Les résultats d'une enquête menée en 2008 sur plus de 1 000 femmes, égyptiennes et étrangères, par le Centre égyptien des droits de la femme signalaient que 83 % des Egyptiennes et 98 % des étrangères avaient rapporté avoir été victime de harcèlement sexuel. Et ceci quelque soit leur âge, leur origine sociale, ou la façon dont elles étaient habillées.
Selon les conclusions de l'enquête, le harcèlement, contrairement à ce que l'on pourrait penser, n'est pas lié à la façon qu'ont les femmes de s'habiller puisque 71,5 % d'entre elles portaient des foulards ou des vêtements couvrants (et 19,6 % portaient de véritables burkas).
L'Egypte, en tant que destination touristique, pâtit de ce traitement infligé aux femmes. A tel point que le ministère du Tourisme diffuse en ce moment des clips mettant les hommes en garde sur les conséquences de tels comportements.
Le Centre égyptien des droits de la femme a lancé de son côté une campagne baptisée "Rendre nos rues plus sûres pour tous" . Il demande qu'une loi soit votée pour punir les harceleurs.
Julie Marquet est Française. Etudiante et candidate à l'agrégation d'histoire, elle est aussi passionnée de voyage. Avec son sac à dos, elle a traversé une douzaine de pays en Europe, en Asie et en Amérique du Sud.

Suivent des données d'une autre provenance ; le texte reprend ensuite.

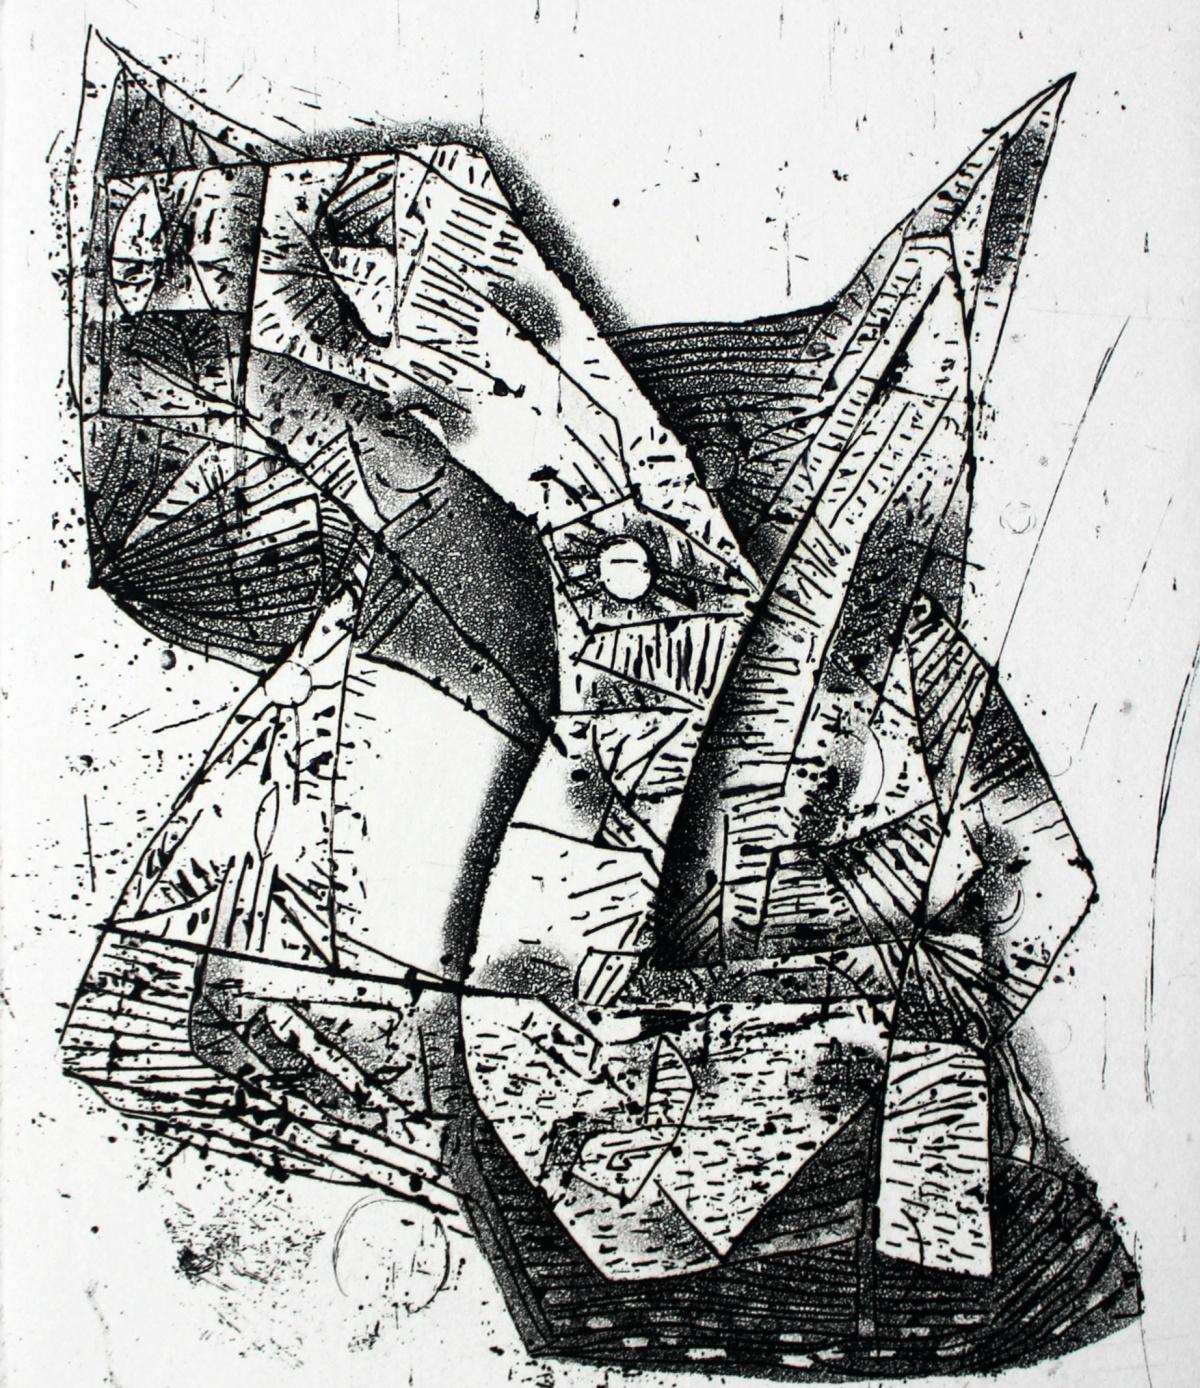 In a bath - 21st Century, Contemporary Abstract Etching, Black and White

Où que nous allions, on se prenait des mains partout, que ce soit dans la rue, dans le bus, ou dans le train... Et ils ne le faisaient même pas discrètement. Ils nous mettaient la main aux fesses et parfois même passaient sous notre t-shirt ! Nous faisions attention à mettre des pantalons et des hauts à manche longue, même par 40°C, mais ça ne les arrêtait pas. Des amis franco-égyptiens nous ont expliqué que les femmes ne devaient pas se faire remarquer en public. Qu'elles ne devaient pas rire ou parler fort. Nous avons tout fait pour être aussi discrètes et invisibles que possible. Mais ça n'a absolument rien changé. Et quand on se mettait en colère et qu'on les repoussait avec force, ça aidait encore moins. Ils rigolaient et ne nous prenaient pas du tout au sérieux.
Les gens essayaient de nous arnaquer ou de nous harceler dès qu'ils en avaient l'occasion. Une fois, on a essayé de changer un billet de train et le vendeur nous a dit qu'il fallait qu'il nous emmène voir le chef de gare et on s'est retrouvé dans une arrière cours louche. Qui sait ce qu'il voulait faire, en tout cas, on a pas essayé de savoir, on est parties.
Nous avons rencontré une jeune journaliste au Caire qui nous a dit que, globalement, la société égyptienne était devenue beaucoup moins tolérante avec les femmes qui portent des habits occidentaux depuis le 11-Septembre. Même les jeunes actives sont revenues au foulard, qu'elles ne portaient pas il y a plusieurs années.
J'ai l'impression que leur vision de la femme occidentale est le résultat du manque de pudeur et de discrétion de nombreux touristes qui voyagent en groupe organisés ou descendent de leur bateau croisière. Comme ils sont généralement accompagnés de guides, voir de gardes, ils ne courent aucun risque, donc certaines femmes se baladent en haut de maillot de bain ou en robe de plage, ce qui choque beaucoup les Egyptiens. Ils se disent que les Occidentales ne sont pas respectables."